Proper Lighting

cheers without dazzlingWhen this was selection was originally written, I had just become an aunt (welcoming to the world, little Olivia Rose), my mom had turned sixty, and I hit thirty-five. Much to celebrate in Gemini-land, wouldn’t you agree? With such good cheer in the air it seemed appropriate to have a little birthday party. Good hostess that I am, I made sure to dim the lights properly to ensure a fabulous time for all of my guests. I do hate overhead lights, so this was a natural for me!

1957: Proper Lighting

Proper lighting is essential to a pleasant atmosphere, and by proper I mean light that flatters, that cheers without dazzling, that is intimate without inviting eyestrain. Too many of our modern methods of lighting are seemingly designed with a view to annihilating the human race.
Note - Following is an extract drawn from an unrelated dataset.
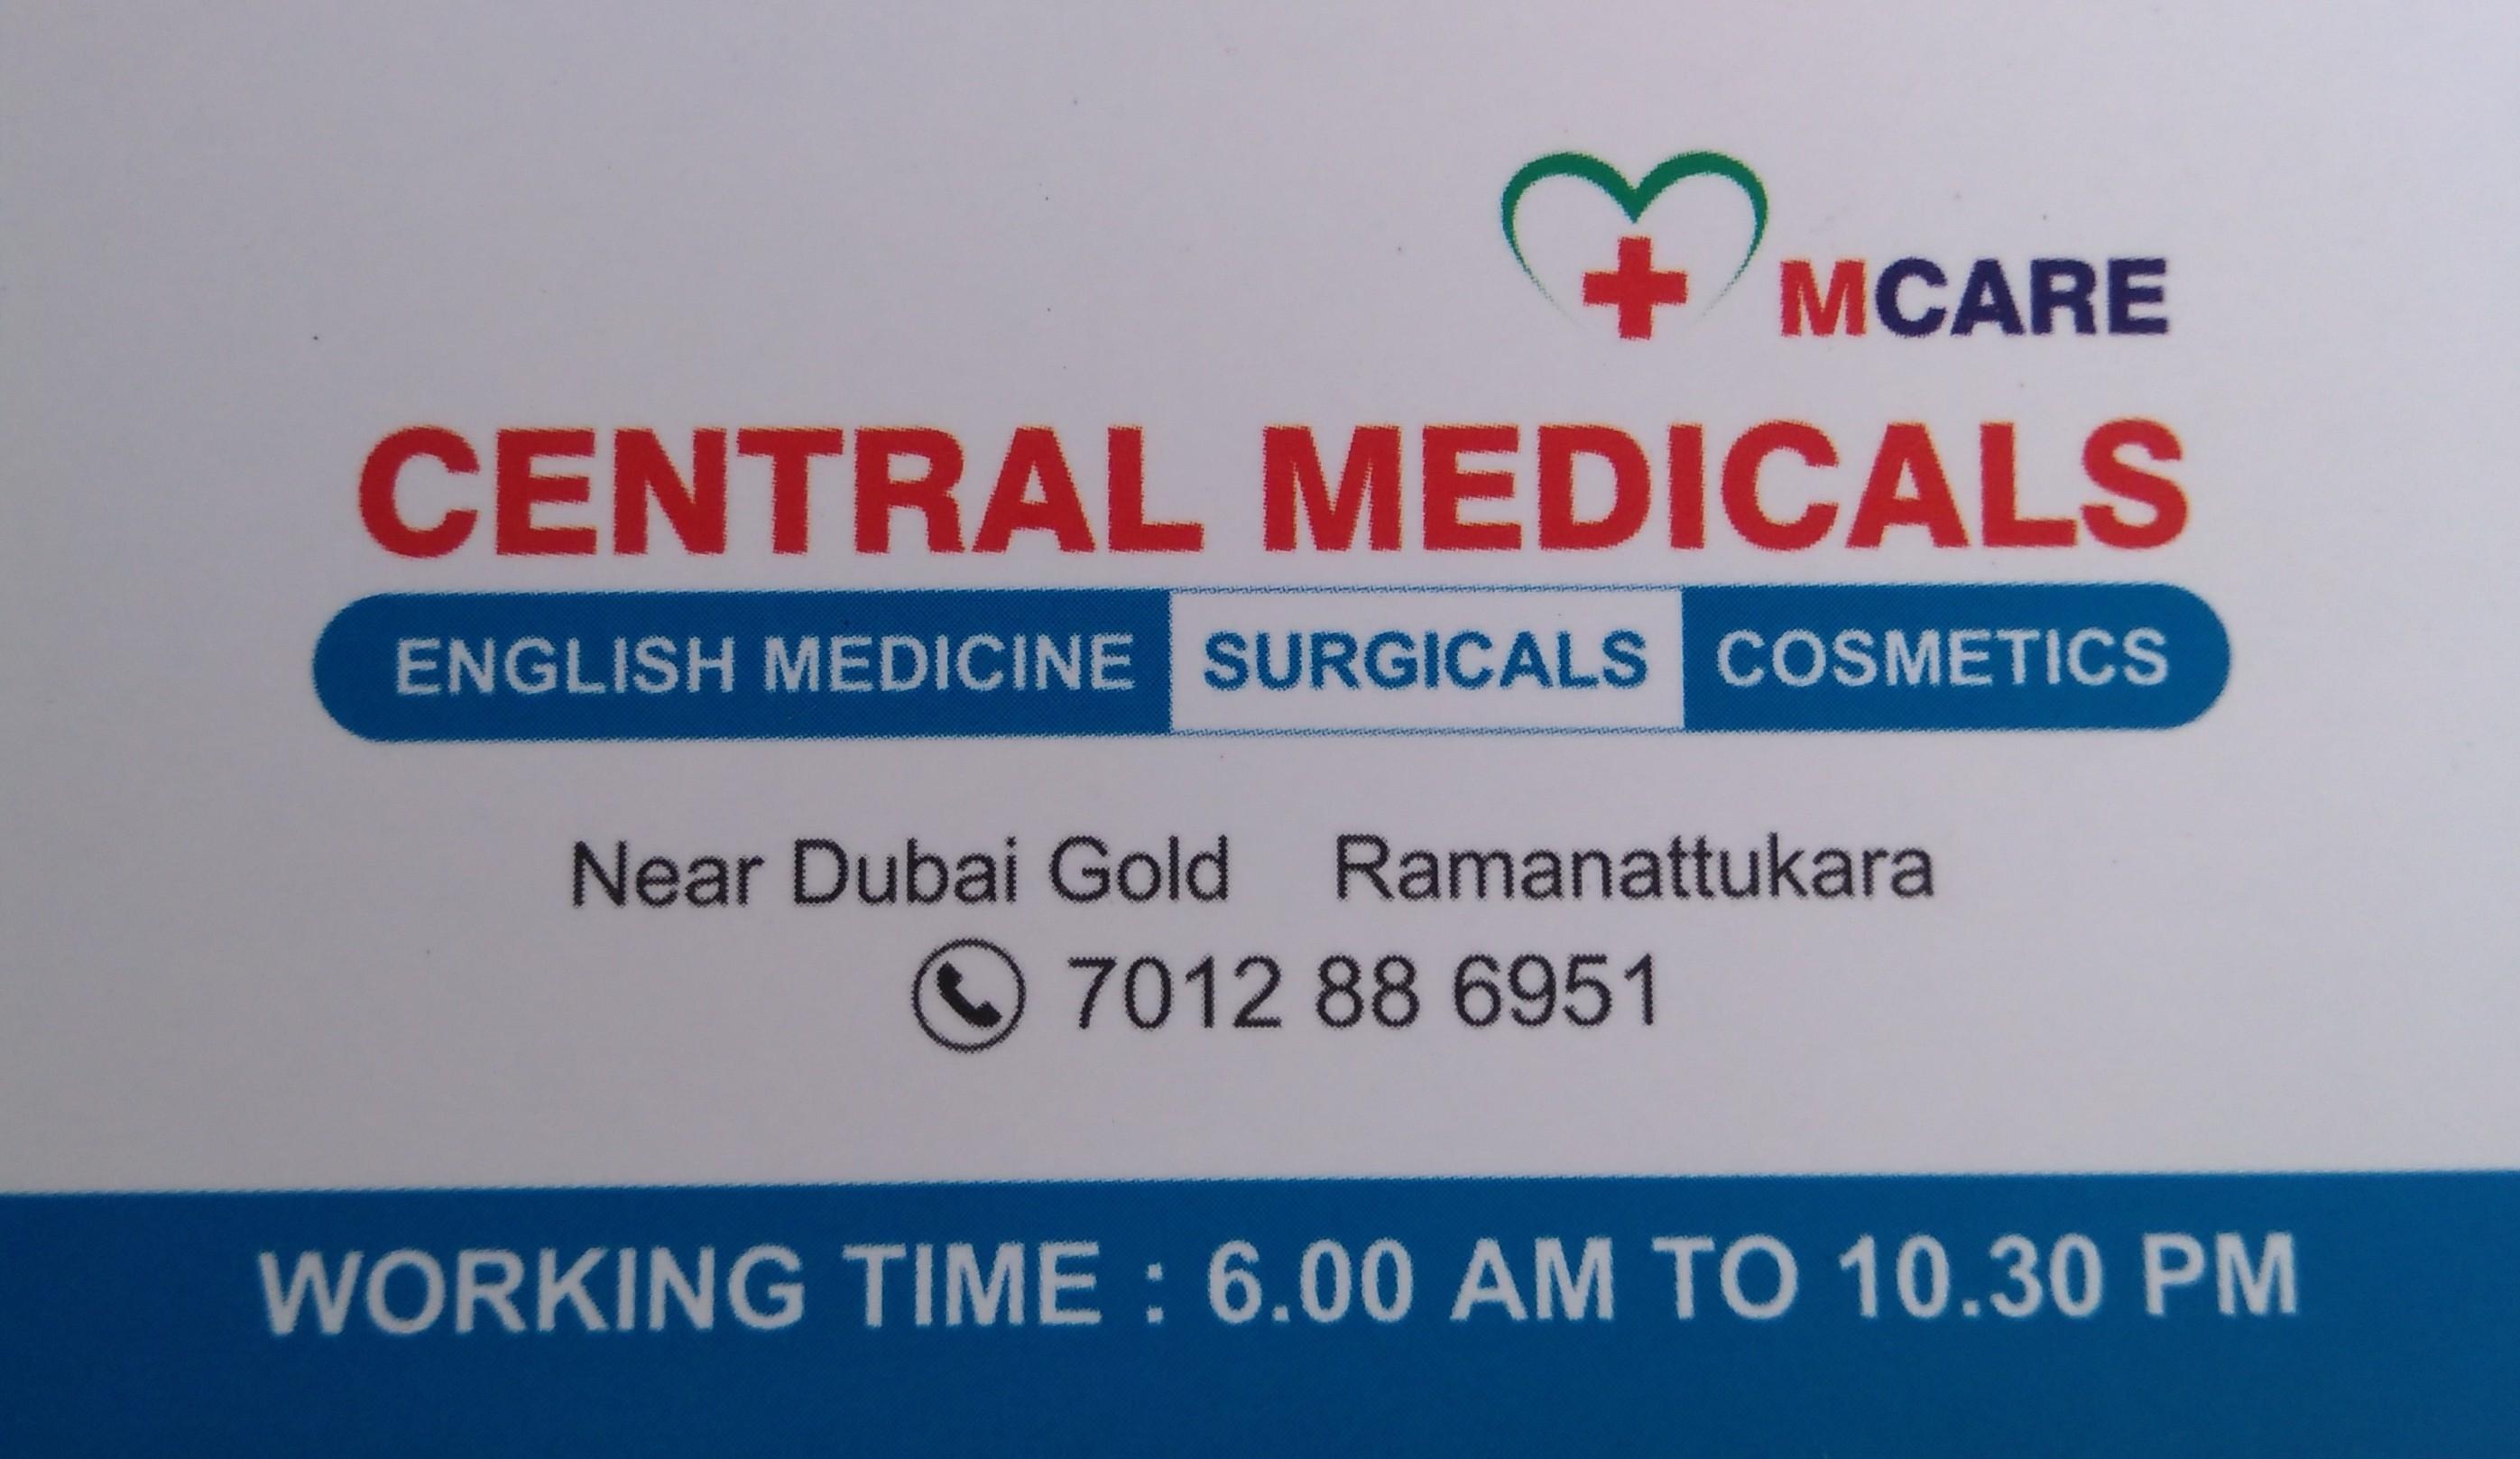 CENTRAL MEDICALS, MEDICAL SHOP,  service in Ramanattukara, Kozhikode

We will only be perpetuated, after all, so long as men are attracted to women and vice versa, but how there can be any hope for mutual attraction between the ghoulish faces that stand revealed by contemporary idea to do away with any and all pleasant illusion. This is accomplished in one of two ways: either the lights are cunningly concealed somewhere in the vicinity of the ceiling, casting a pale, indirect, ghastly green glow on the room and its occupants, or, crueler still, there is the relentlessly direct type ~ the spotlight that hangs immediately above your head, opaquely shaded to allow its full white glare to do its worst on you, for all the world like those naked bulbs the police ~ the movie police, anyway ~ shine in the face of a suspect in the hope of breaking his spirit. They know what they’re doing. It’s enough to break the most upright spirit. But direct or indirect, the result is the same. Make-up might as well not be used. Every line and pore and hollow is mercilessly disclosed and magnified, on young as on old.